'''
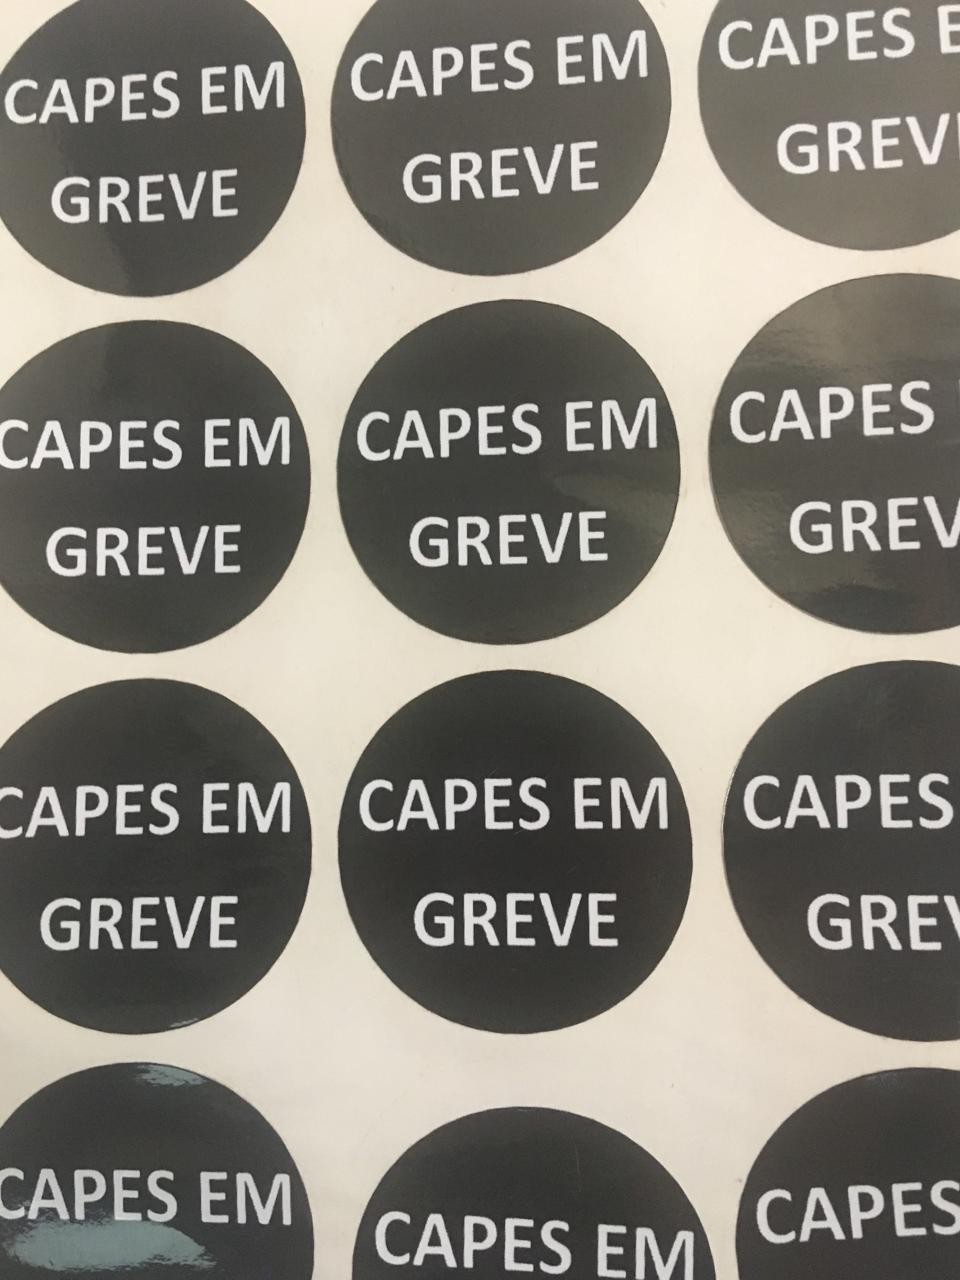 Servidores da CAPES aderem à GREVE GERAL de 14 de junho
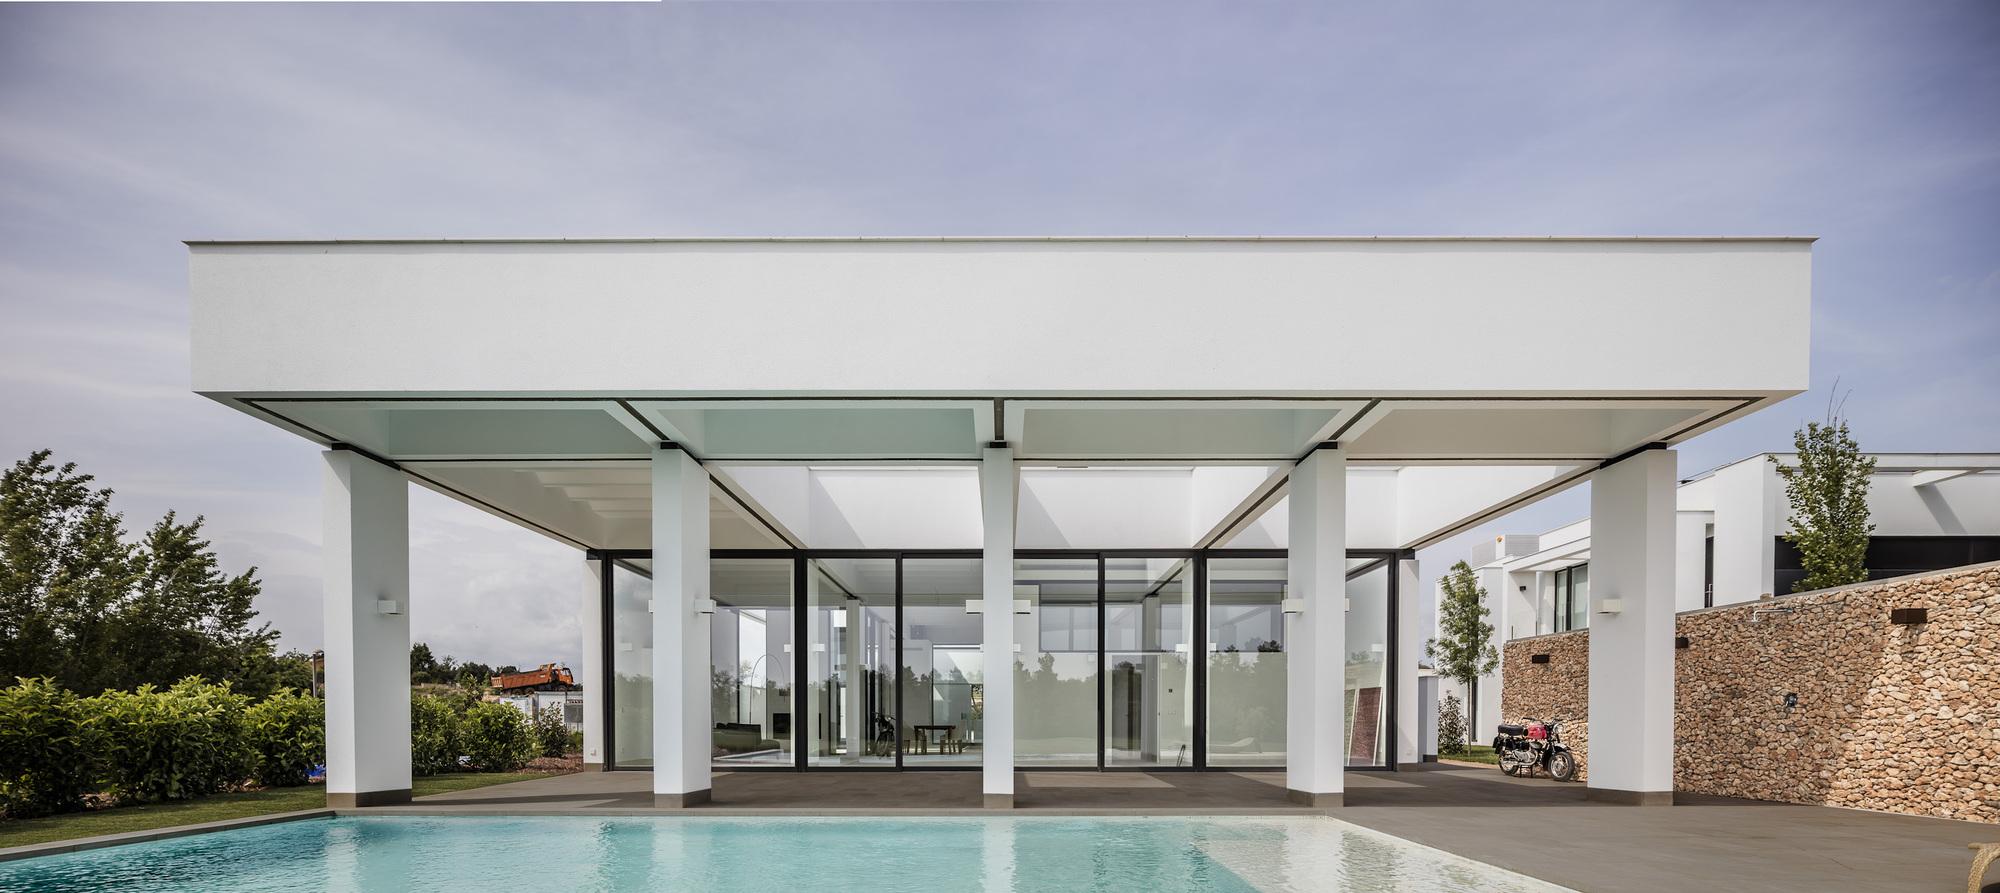 Gallery of 3 patios house lagula arquitectes 1 for Arquitectes girona
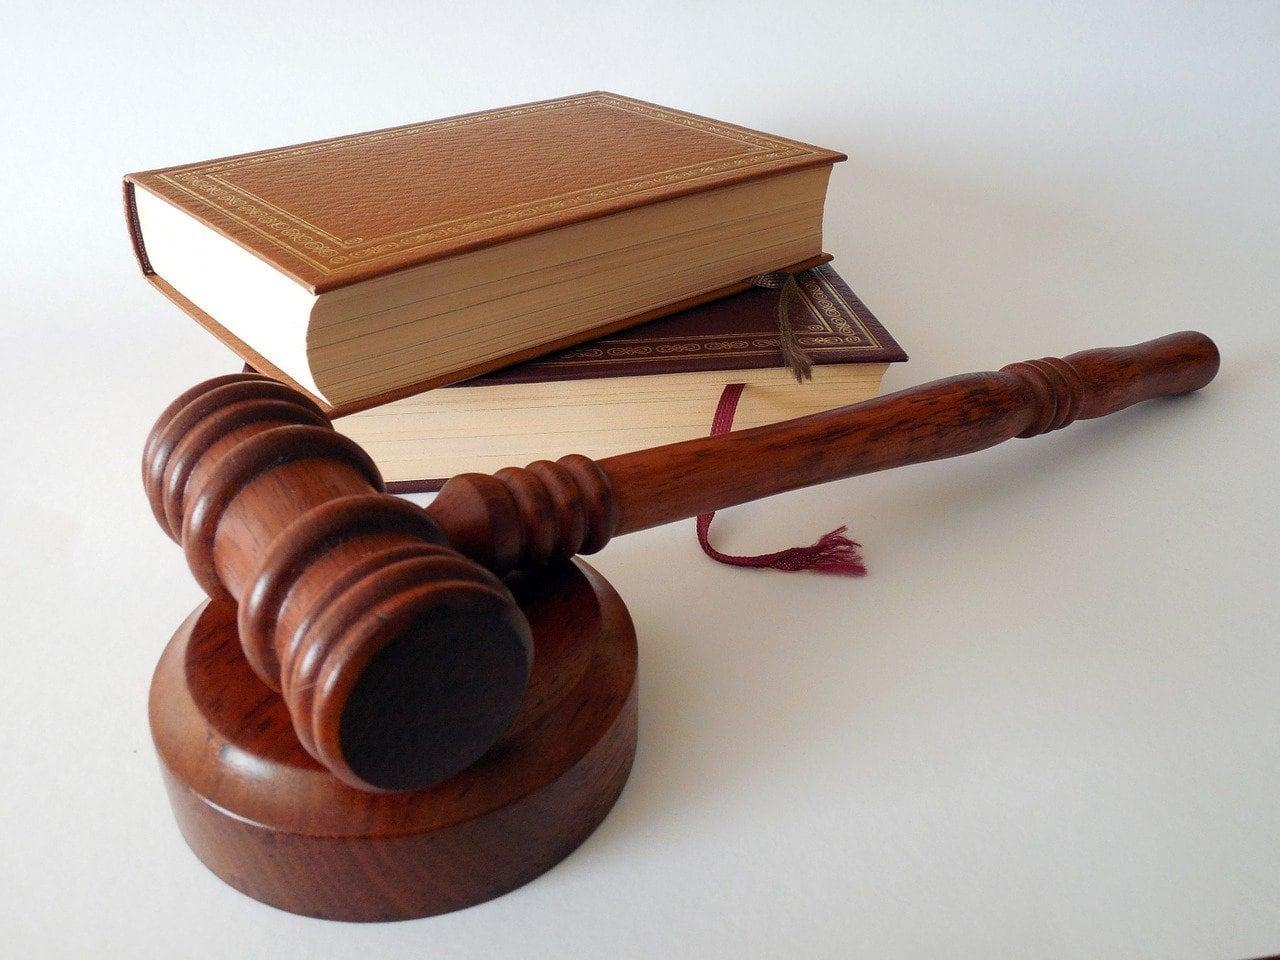 Ilmu Hukum - Jurusan Favorit di UNNES dan Paling Banyak Peminat Universitas Negeri Semarang
'''
What you are asked to do: Only the text of the listing above should be copied, exactly and with pictures left out.

Task solution:
 Servidores da CAPES aderem à GREVE GERAL de 14 de junho
 Gallery of 3 patios house lagula arquitectes 1 for Arquitectes girona
 Ilmu Hukum - Jurusan Favorit di UNNES dan Paling Banyak Peminat Universitas Negeri Semarang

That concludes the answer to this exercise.